Хотя самый страшный вариант последней строки "Пророка" известен только благодаря Полевому, учитывая его, можно понять предостережение управляющего III отделением М.Я. Фон Фока в письме Бенкендорфу 17 сентября: "Говорят, что государь сделал ему (Пушкину. - О. Е.) благосклонный прием и что он не оправдает тех милостей, которые его величество оказал ему".

Глава 2
"САМОЗВАНЕЦ"

В первый раз Бенкендорф предметно столкнулся с Пушкиным не по поводу "Пророка" или даже "Андрея Шенье". А по поводу досадного недоразумения - поэт без спросу читал у друзей "Бориса Годунова". Как говорится, давши слово - держись… А Пушкин дал слово.

И тут же нарушил. Даже не предав случившемуся значения.

И не он один. В знаменитом письме 1837 г. шефу жандармов Жуковский удивлялся: "…Нахожу выговор за то, что Пушкин в некоторых обществах читал свою трагедию прежде, нежели она была одобрена. Да что же это за преступление? Кто из писавших не сообщает своим друзьям своих произведений для того, чтобы слышать их критику? Неужели же он должен до тех пор, пока его произведение еще не позволено официально, сам считать его непозволенным?"

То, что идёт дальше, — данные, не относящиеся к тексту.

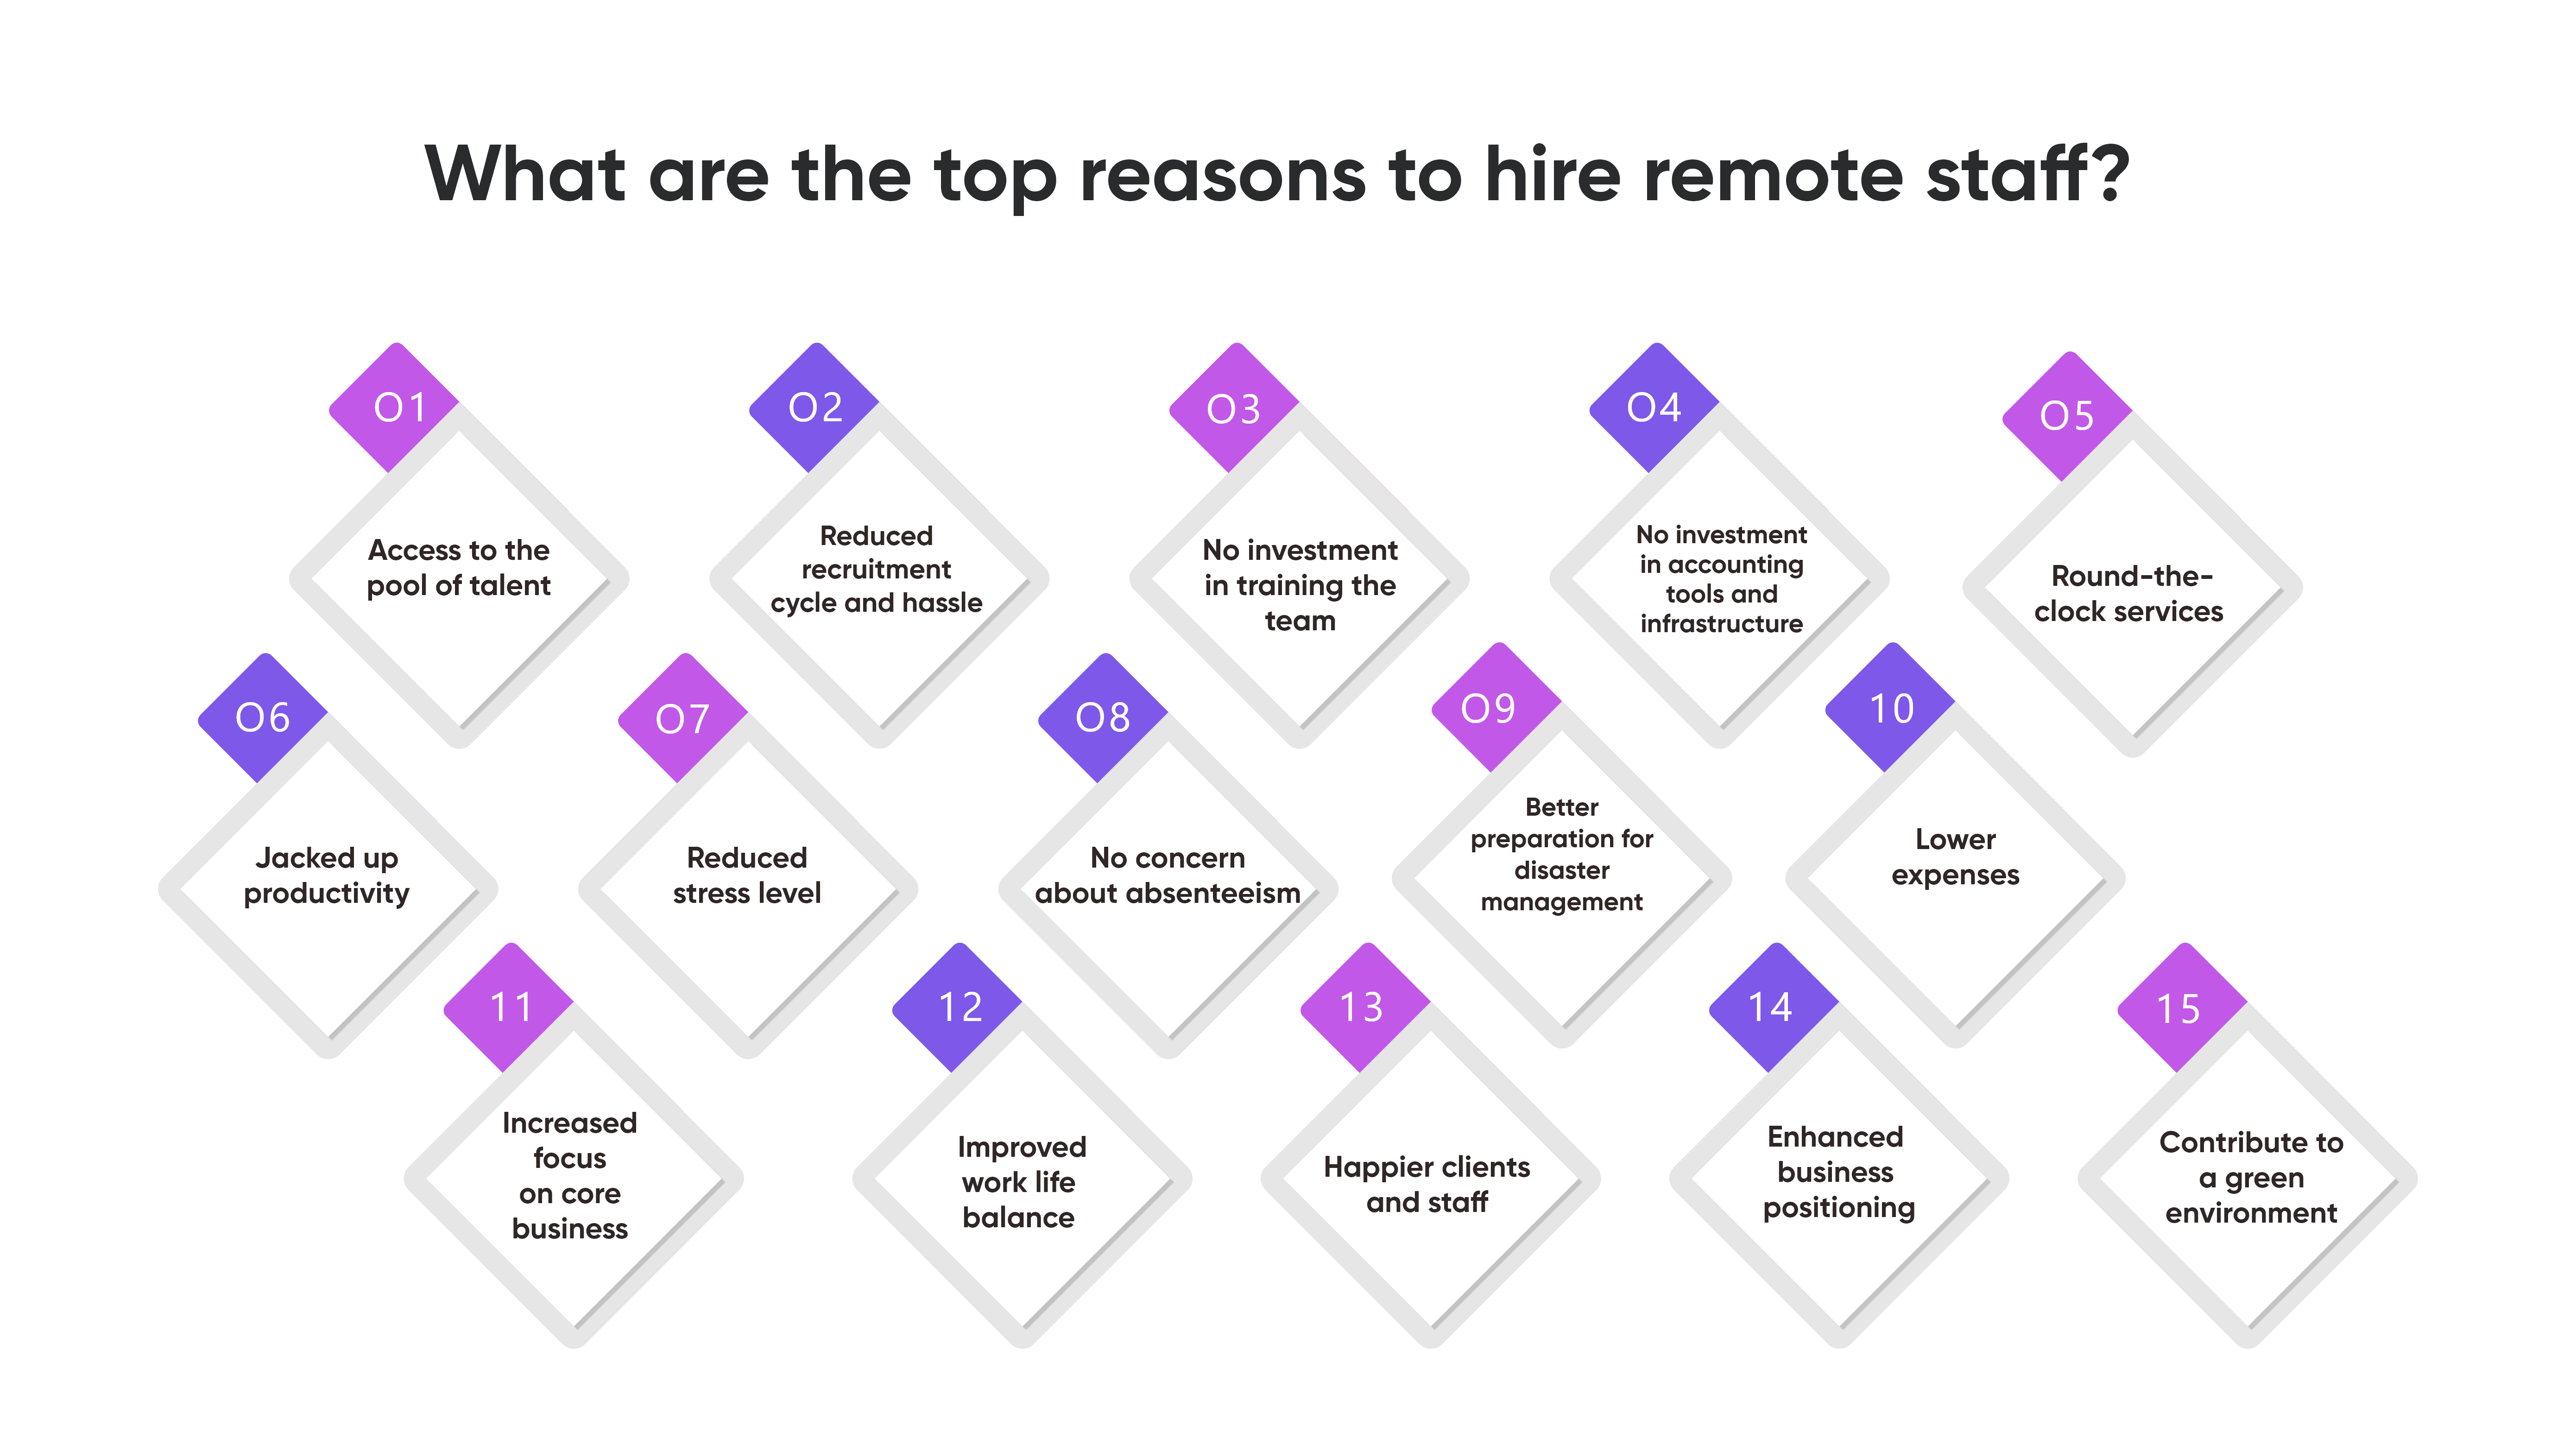 What are the top reasons to hire remote staff

Ольга Елисеева - Бенкендорф. Правда и мифы о грозном властителе III отделения

А.С. Пушкин. Художник И.-Е. Вивьен де Шатобрен

В каком свободном мире, по сравнению с русским XX в., жили эти люди!

Слова Жуковского справедливы: "Чтение ближним есть одно из величайших наслаждений для писателя". Тем не менее Пушкина только что освободили. В отношении его все дули на воду. Кроме самого поэта.